=== The problem ===
Your reply must contain the full listing below, reproduced exactly, but no pictures.

=== Information shown ===
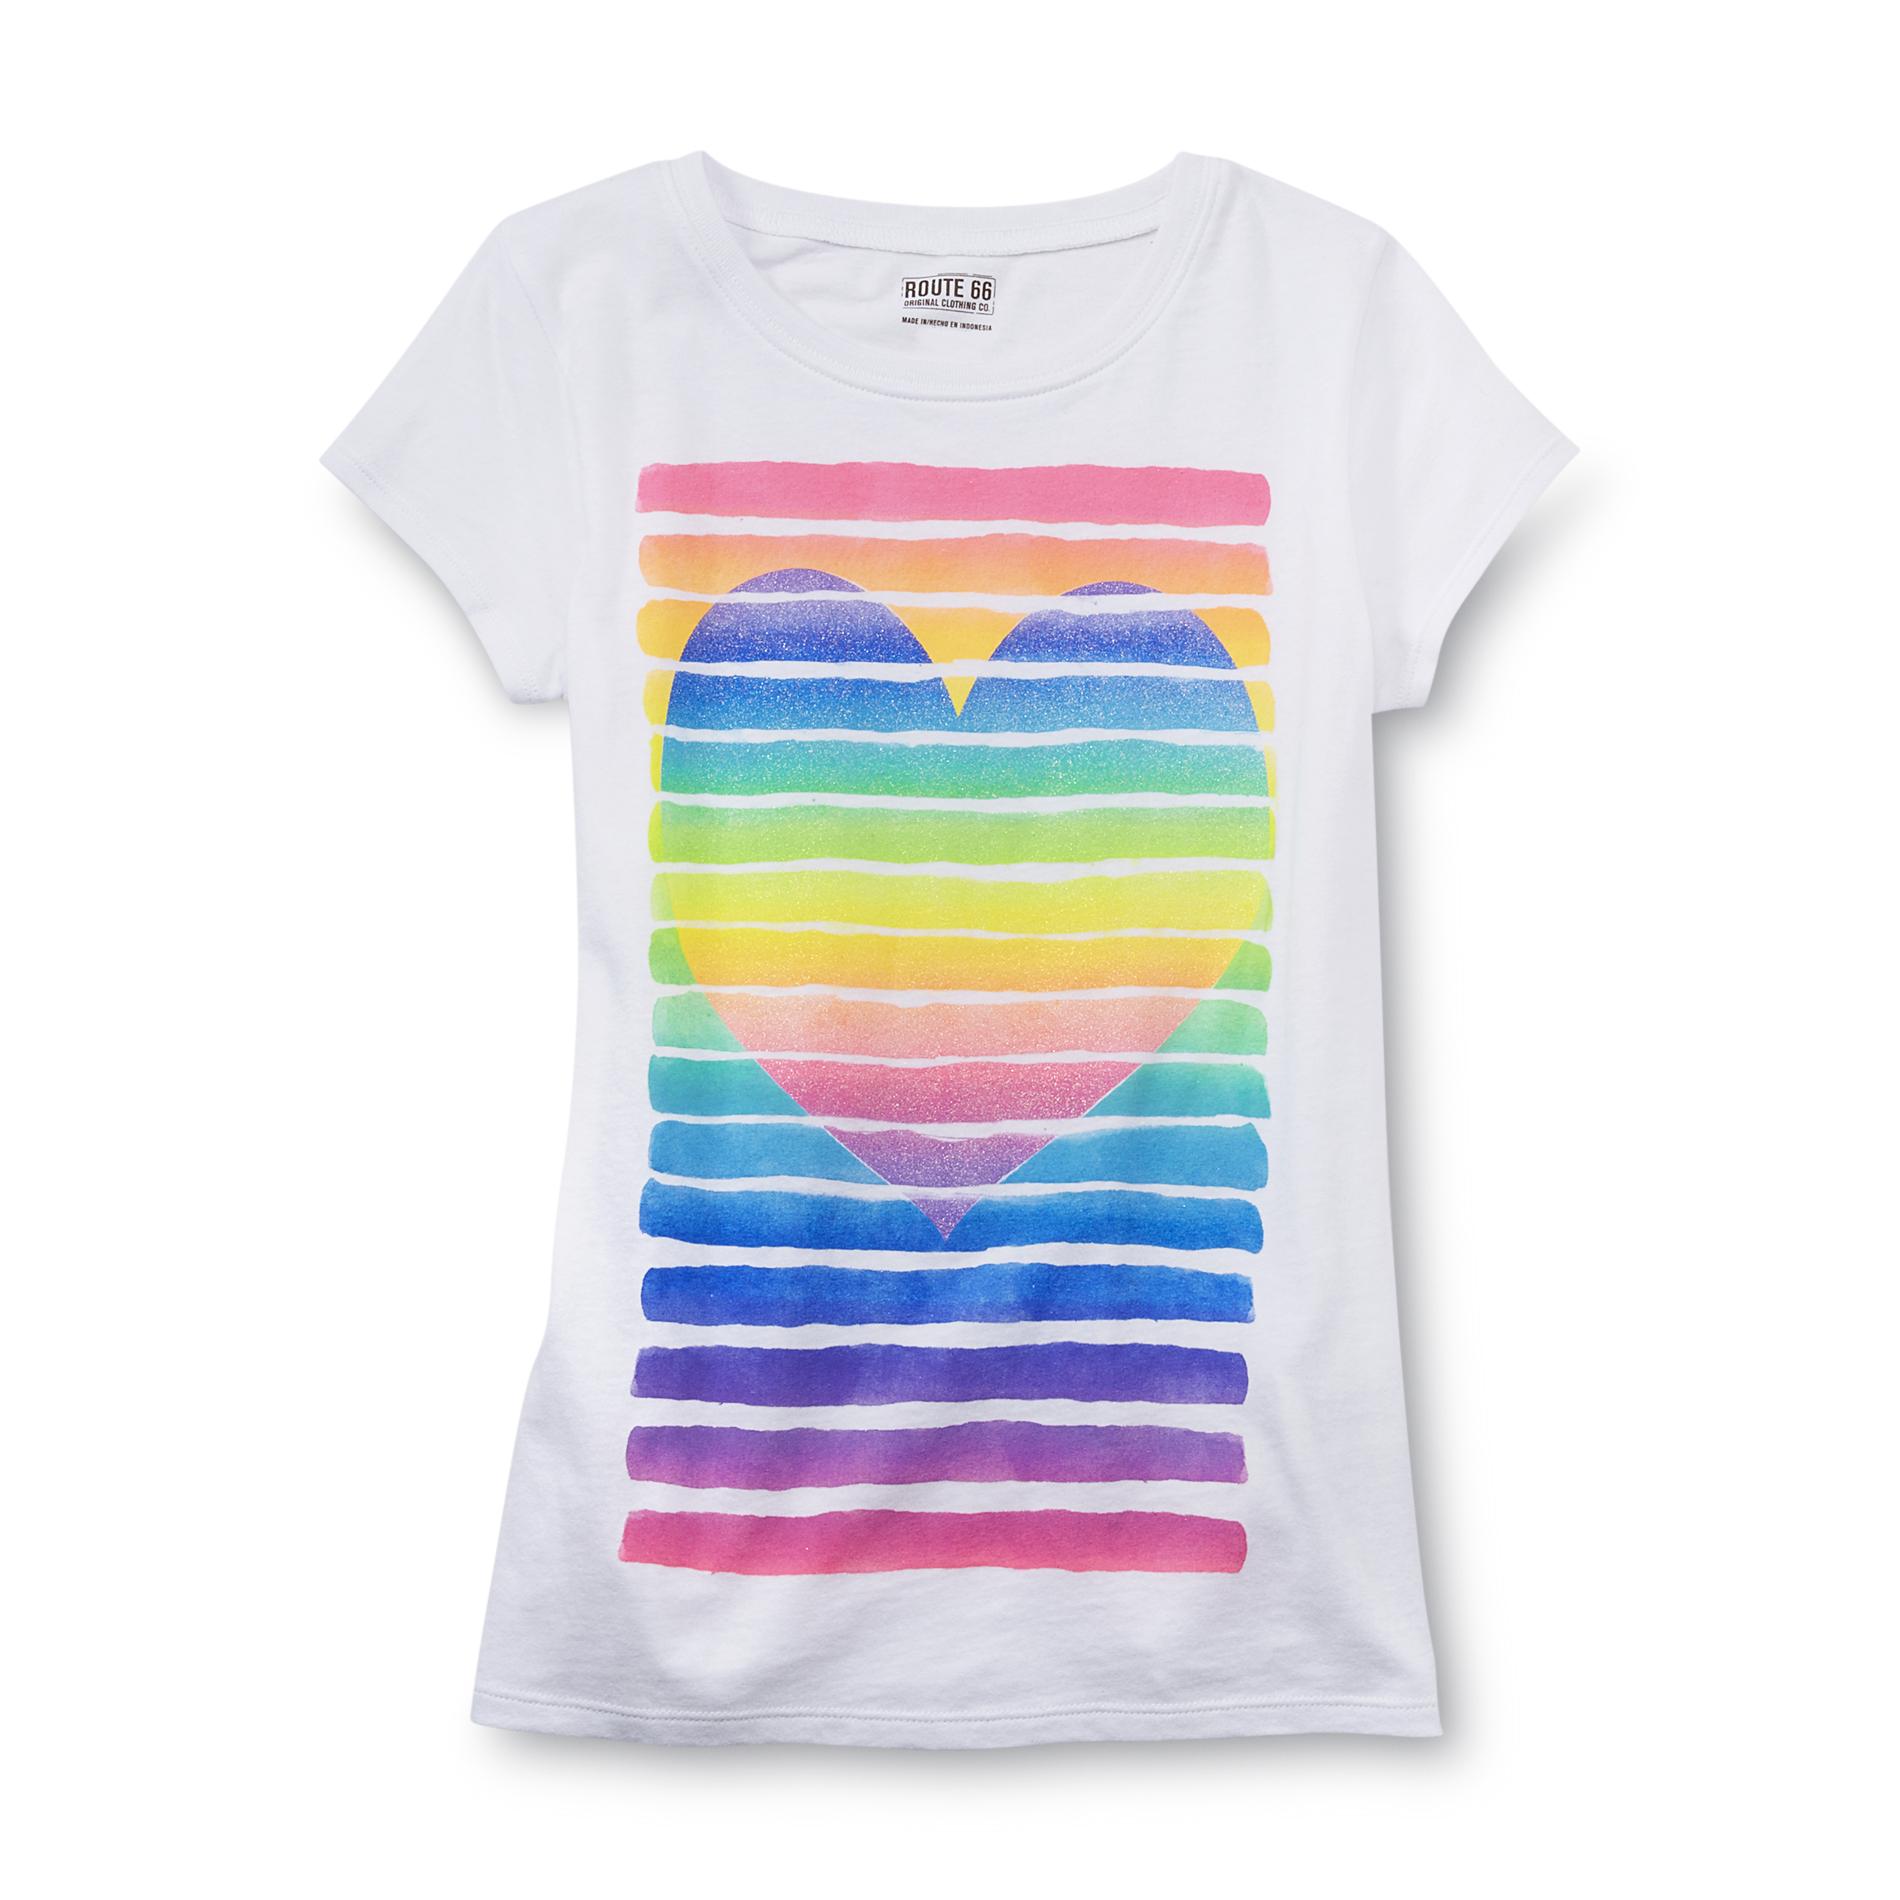 Route 66 Girl's Graphic T-Shirt - Heart
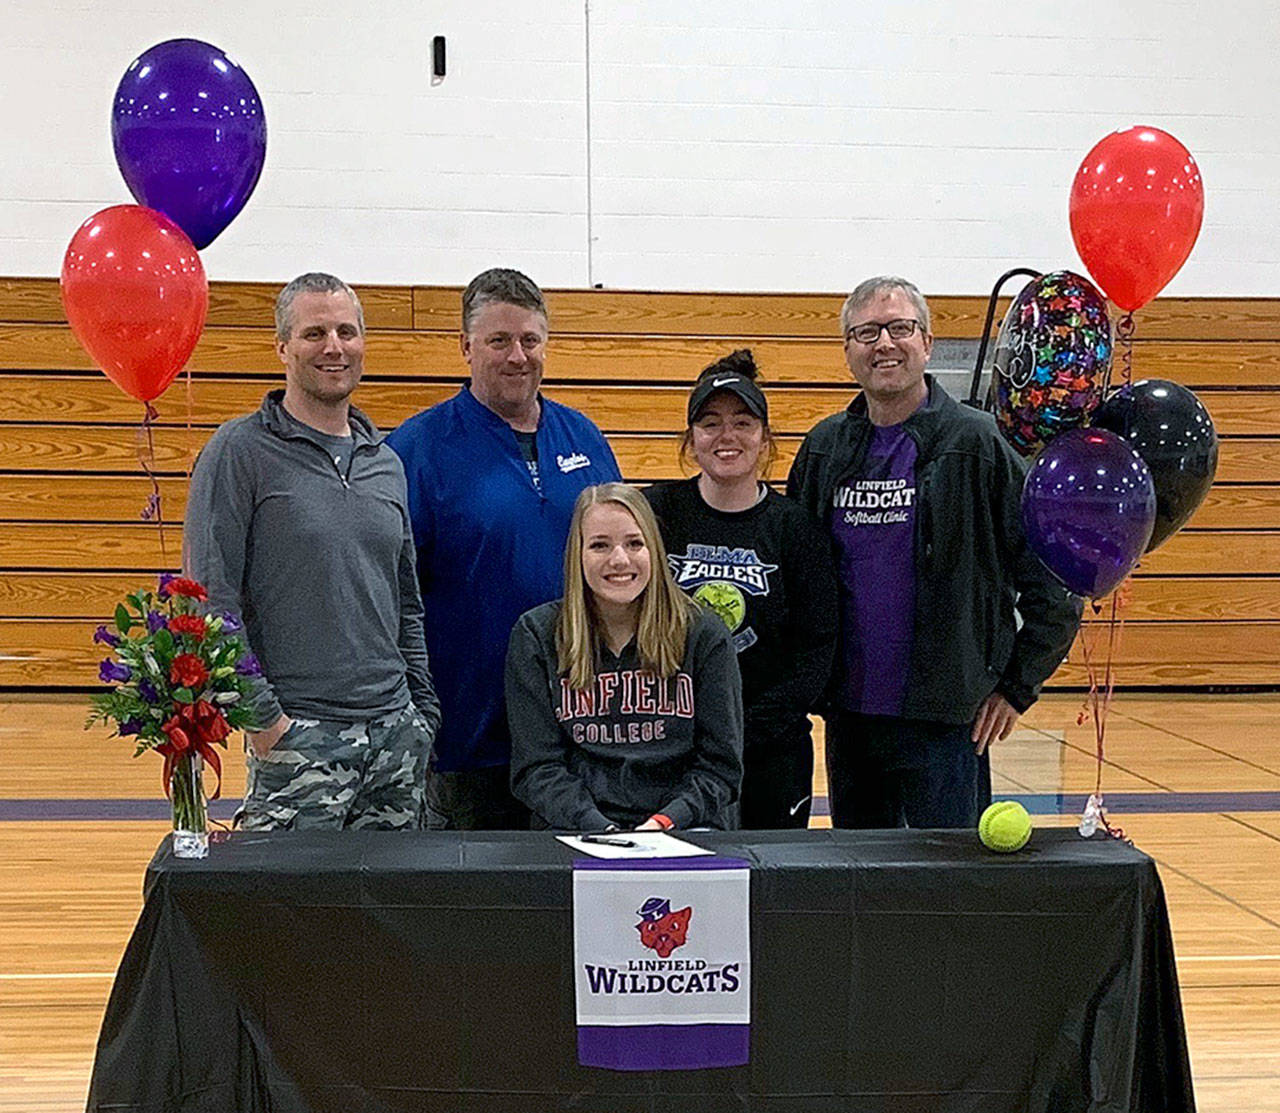 Elma softball player Molly Johnston, sitting, is flanked by her coaches after the senior signed a National Letter of Intent on March 17 to play for Linfield College in McMinnville, Ore. next season. Pictured are (from left): Travel ball coach Steve Poler, Elma head coach Roger Elliott, Elma assistant coach Ashley Stancil and travel ball coach Pat Pace. (Submitted photo)
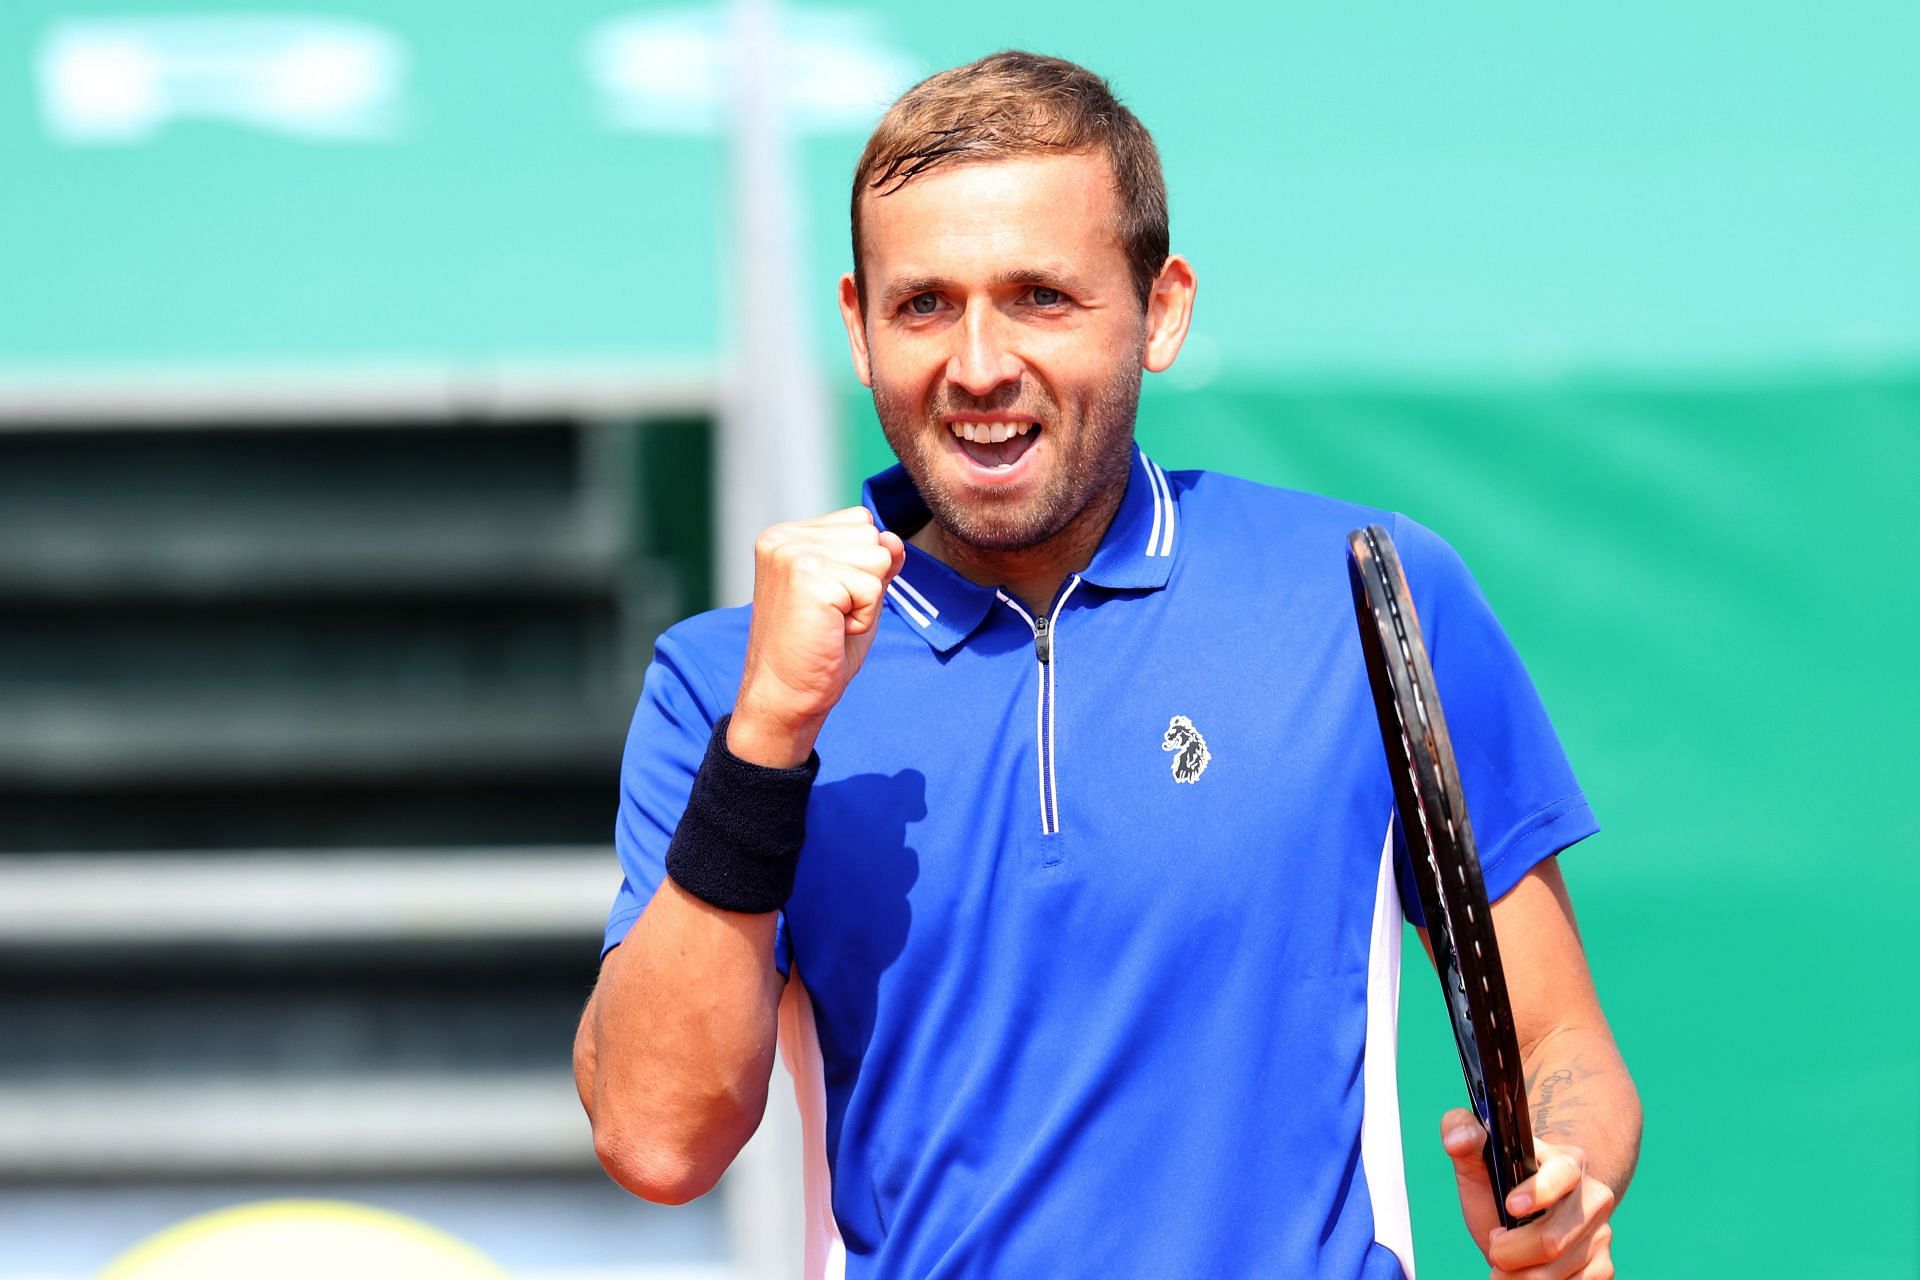 Dan Evans became the first player to beat Novak Djokovic in 2021

=== Problem solution ===
 Route 66 Girl's Graphic T-Shirt - Heart
 Elma softball player Molly Johnston, sitting, is flanked by her coaches after the senior signed a National Letter of Intent on March 17 to play for Linfield College in McMinnville, Ore. next season. Pictured are (from left): Travel ball coach Steve Poler, Elma head coach Roger Elliott, Elma assistant coach Ashley Stancil and travel ball coach Pat Pace. (Submitted photo)
 Dan Evans became the first player to beat Novak Djokovic in 2021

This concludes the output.